2010 : HOW IS THE INTERNET CHANGING THE WAY YOU THINK?

tim_oreilly's picture
Founder and CEO, O'Reilly Media, Inc.; Author, WTF?: What’s the Future and Why It’s Up to Us
PATTERN RECOGNITION

Many years ago, I began my career in technology as a technical writer, landing my first job writing a computer manual on the same day that I saw my first computer. The one skill I had to rely on was one I had honed in my years as a reader, and in my university training in Greek and Latin classics: the ability to follow the breadcrumb trail of words back to their meaning.

Unfamiliar with the technology I was asked to document, I had to recognize landmarks and to connect the dots, to say "these things go together." I would read a specification written by an engineer, over and over, until I could read it like a map, and put the concepts in the right order, even if I didn't fully understand them yet. That understanding would only come when I followed the map to its destination.

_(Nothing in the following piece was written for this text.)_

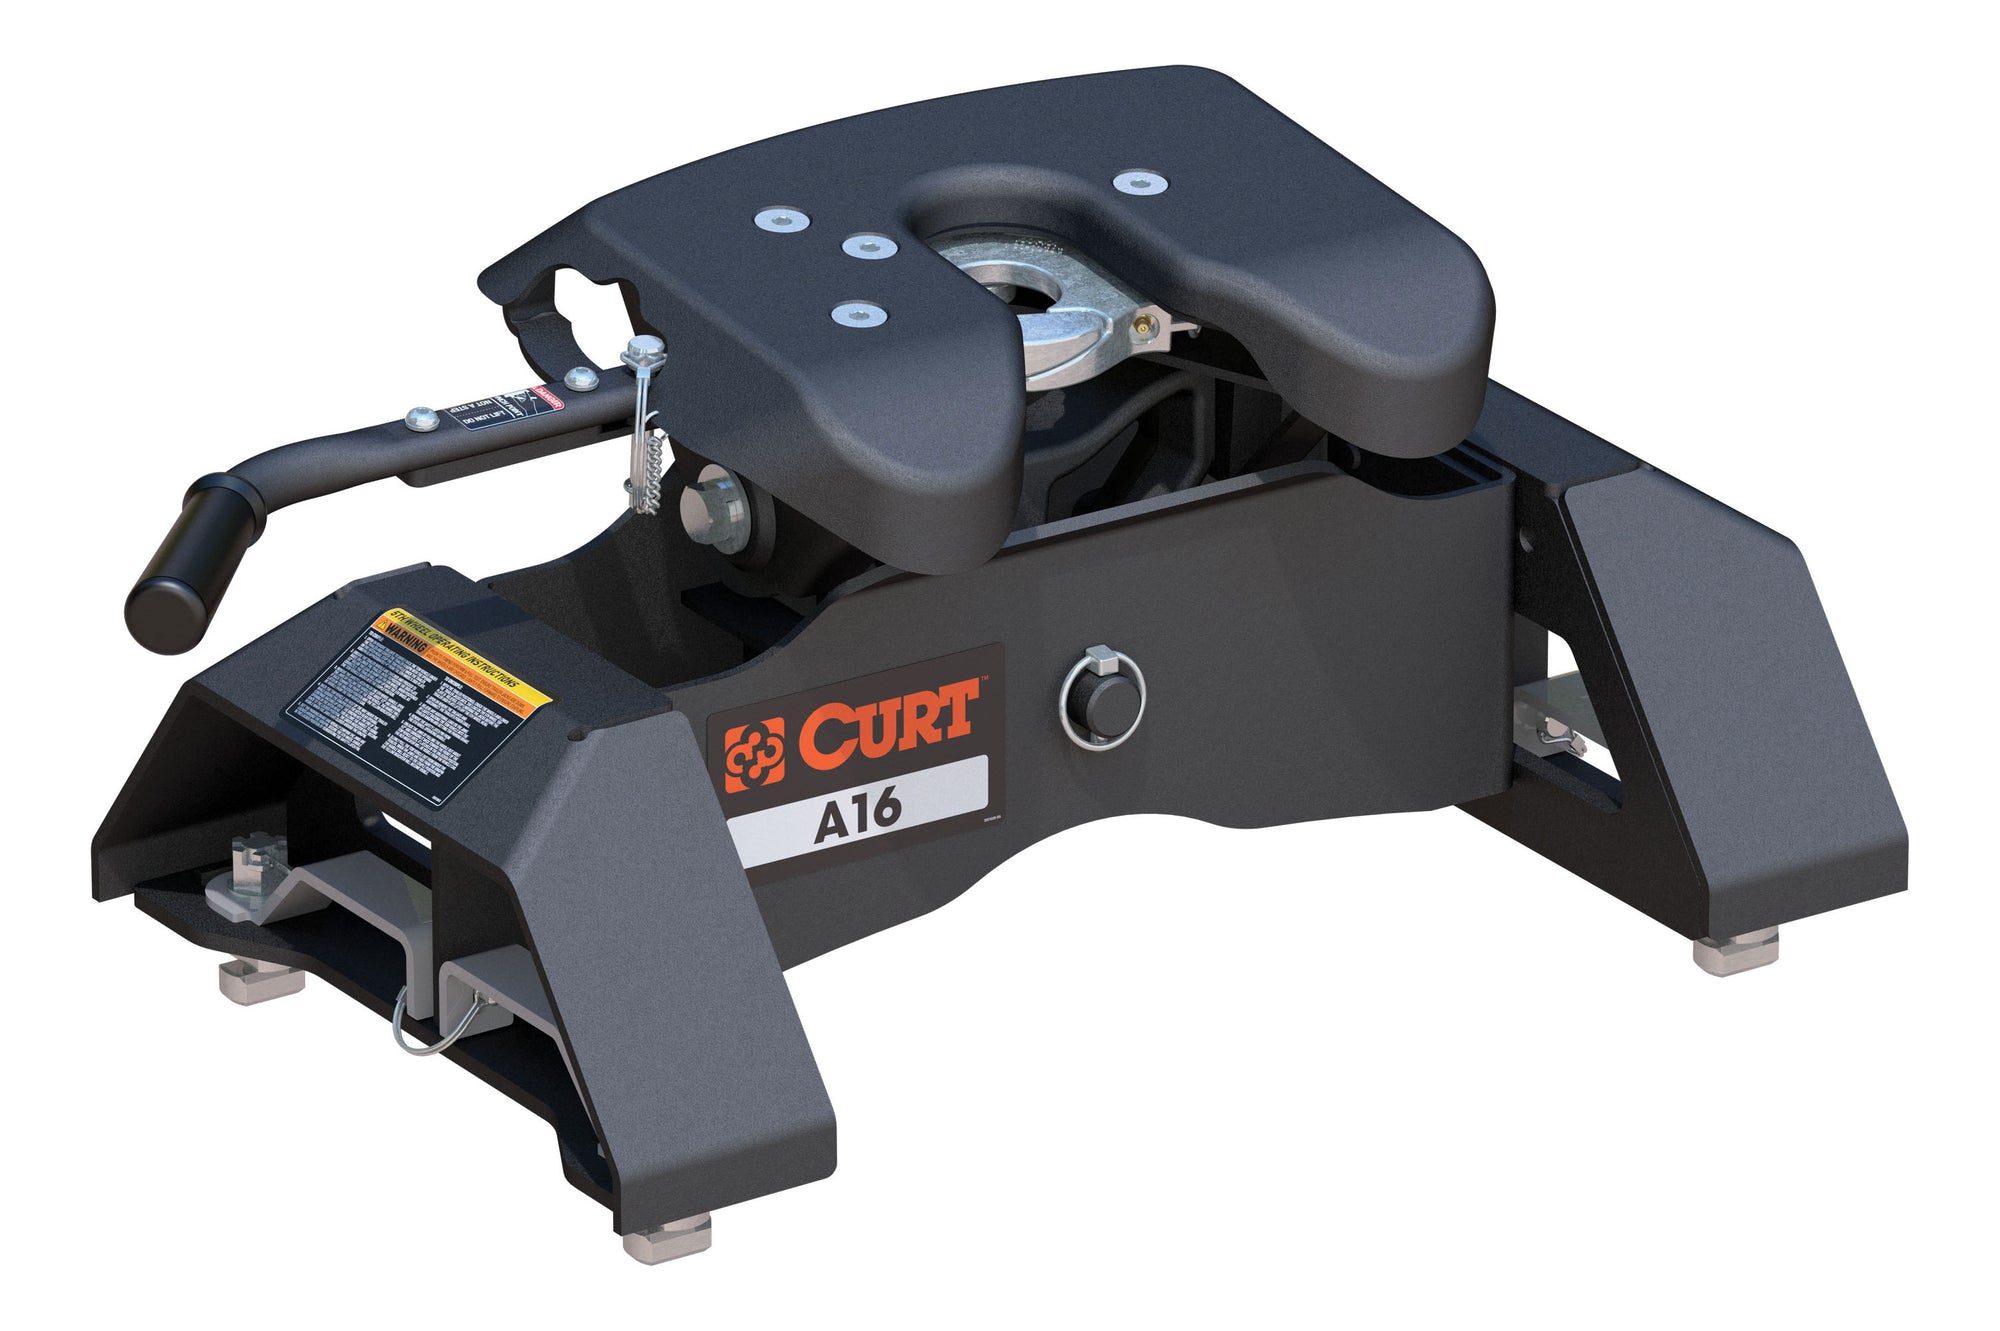 CURT 16091 A16 5th Wheel Hitch for Select Chevrolet Silverado, GMC Sierra 2500, 3500 HD, 8' Bed Puck System - 16,000 lbs.

Over the years, I honed this skill, and when I launched my publishing business, the skill that I developed as an editor was the skill of seeing patterns. "Something is missing here." "These two things are really the same thing seen from different points of view." "These steps are in the wrong order." "In order for x to make sense, you first have to understand y." Paula Ferguson, one of the editors I hired, once wrote that "all editing is pattern matching." You study a document, and you study what the document is talking about, and you work on the document until the map matches the territory.

In those early years of trying to understand the industry I'd been thrust into, I read voraciously, and it was precisely because I didn't understand everything that I read that I honed my ability to recognize patterns. I learned not as you are taught in school, with a curriculum and a syllabus, but with the explorations of a child, who composites a world-view bit by bit out of the stuff of everyday life.

When you learn in this way, you tell your own story and draw your own map. When my co-worker Dale Dougherty created GNN, the Global Network Navigator, the first commercial web portal, in 1993, he named it after The Navigator, a 19th-century handbook that documented the shifting sandbars of the Mississippi River.

Over the years, my company has been a map-maker in the world of technology, spotting trends, documenting them, and telling stories about where the sandbars lie, the portages that cut miles off the journey, as well as the romance of travel and the glories of the destination. In telling stories to explain what we've learned and encourage others to follow us into the West, we've become not just mapmakers but meme makers. Open Source, Web 2.0, the Maker movement, Government as a Platform are all stories we've had a role in telling.

It used to be the case that there was a canon, a body of knowledge shared by all educated men and women. Now, we need the skills of a scout, the ability to learn, to follow a trail, to make sense out of faint clues, and to recognize the way forward through confused thickets. We need a sense of direction that carries us onward through the wood despite our twists and turns. We need "soft eyes" that take in everything we see, not just what we are looking for.